• INPUT:
= Beginning of Section =

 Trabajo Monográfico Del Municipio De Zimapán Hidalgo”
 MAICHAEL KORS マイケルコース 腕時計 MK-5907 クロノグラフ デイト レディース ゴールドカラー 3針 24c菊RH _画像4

= End of Section =
= Beginning of Section =

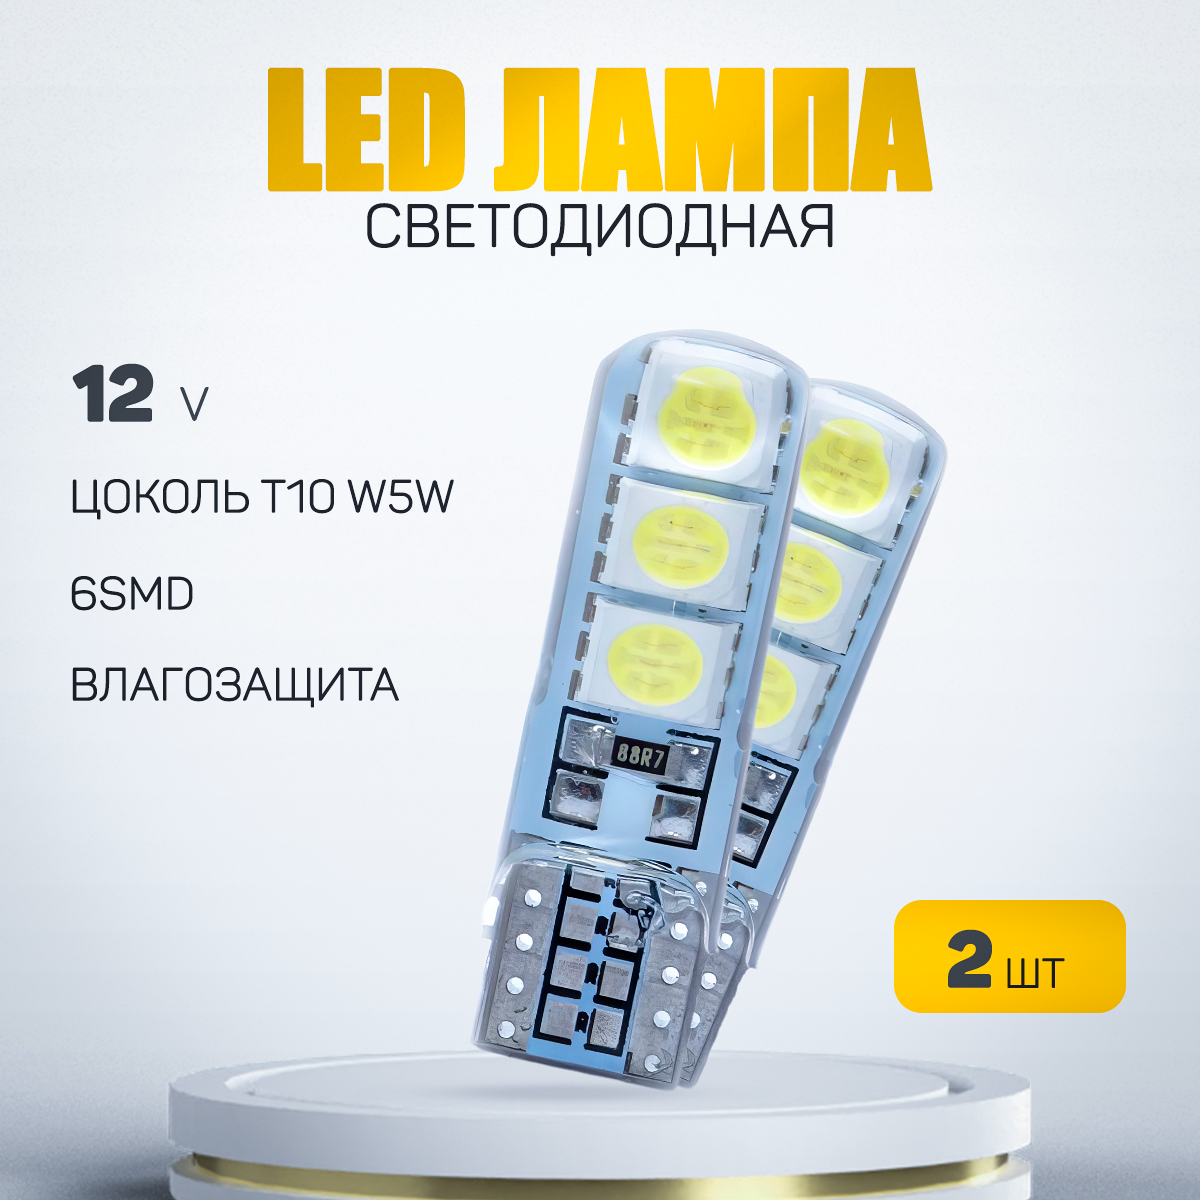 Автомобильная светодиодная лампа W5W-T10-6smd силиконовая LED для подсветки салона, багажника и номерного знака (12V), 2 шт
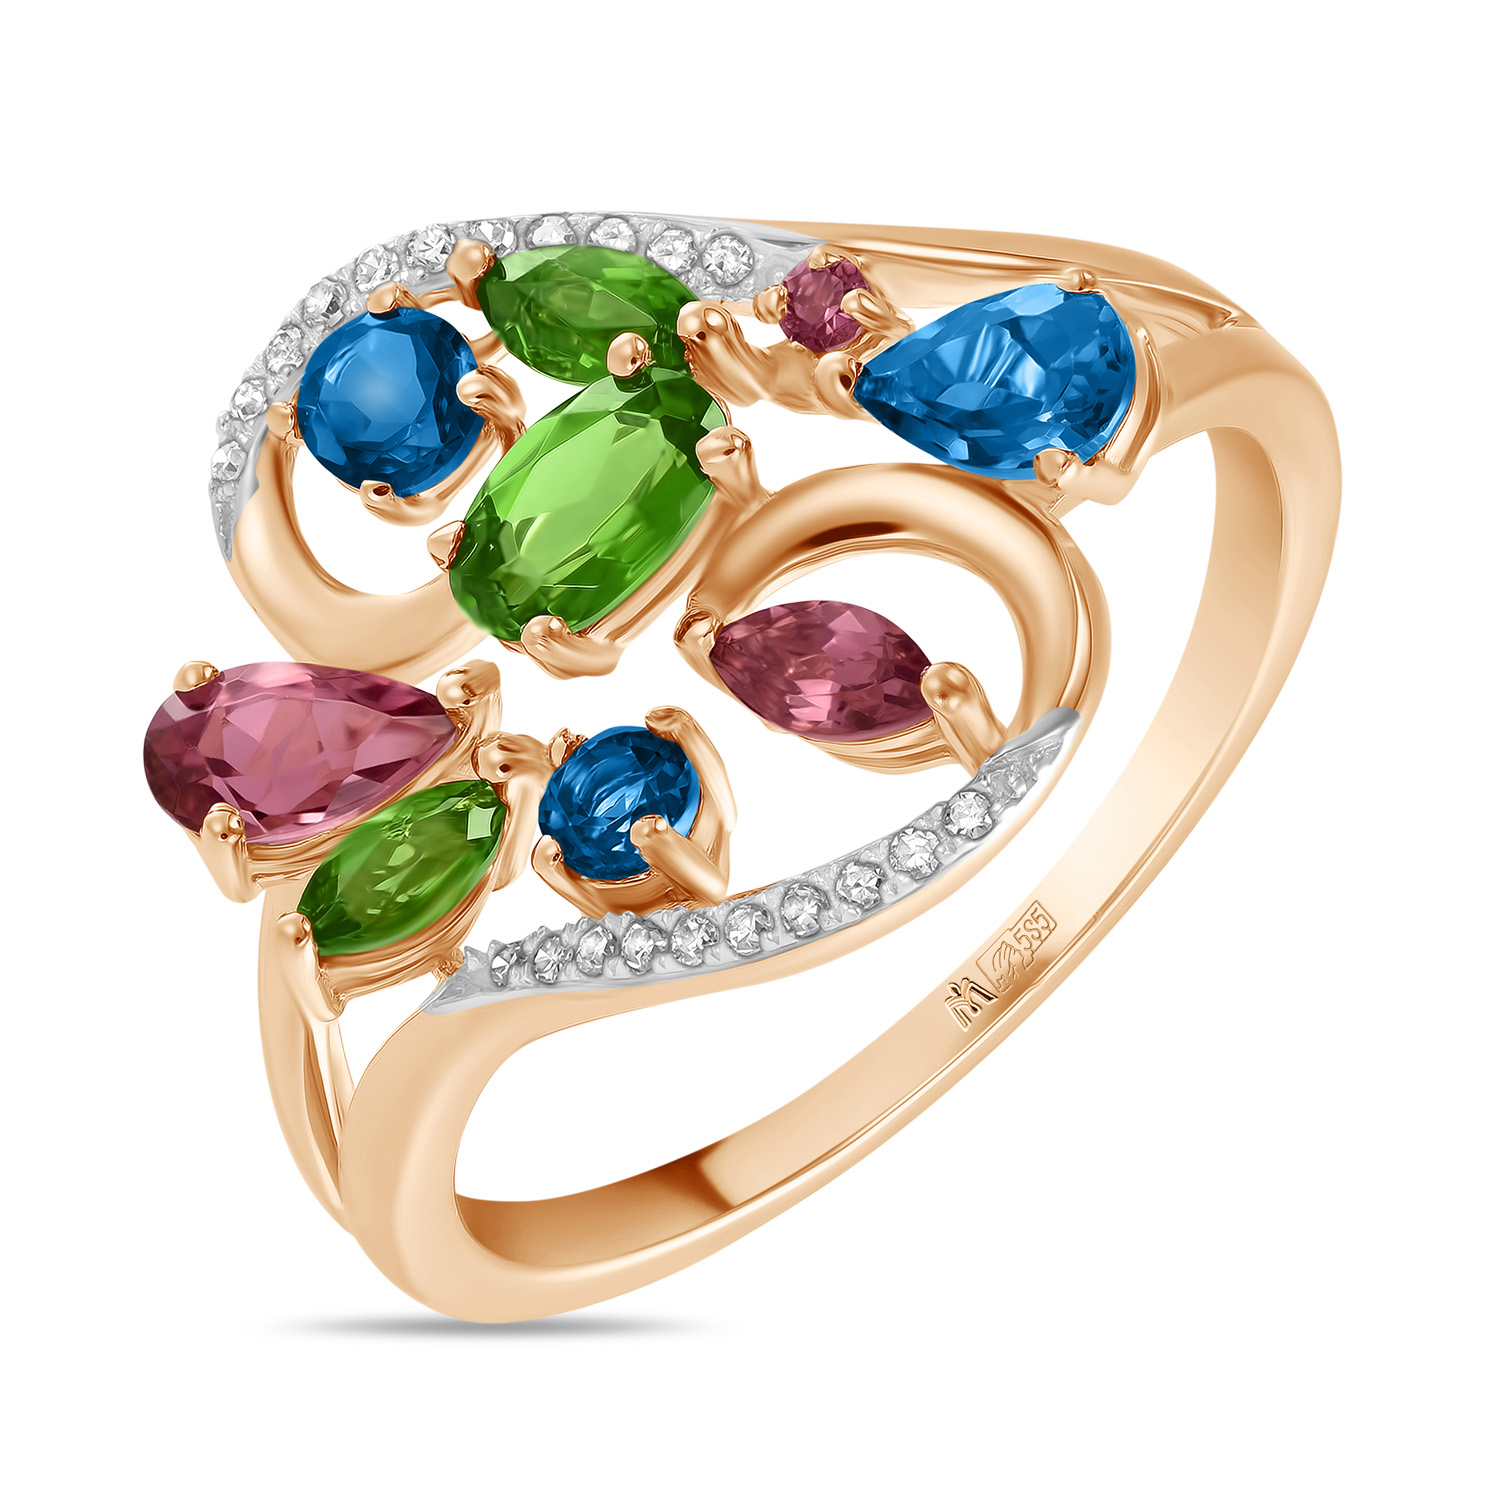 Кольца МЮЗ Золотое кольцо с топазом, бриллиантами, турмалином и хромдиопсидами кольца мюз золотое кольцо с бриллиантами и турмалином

= End of Section =

• PROBLEM STATEMENT:
In the records above, find the line with "Автомобильная светодиодная лампа". Print exactly from there through the line with "Кольца МЮЗ Золотое кольцо с топазом, бриллиантами, турмалином", minus the pictures.

• OUTPUT OF THE TASK:
 Автомобильная светодиодная лампа W5W-T10-6smd силиконовая LED для подсветки салона, багажника и номерного знака (12V), 2 шт
 Кольца МЮЗ Золотое кольцо с топазом, бриллиантами, турмалином и хромдиопсидами кольца мюз золотое кольцо с бриллиантами и турмалином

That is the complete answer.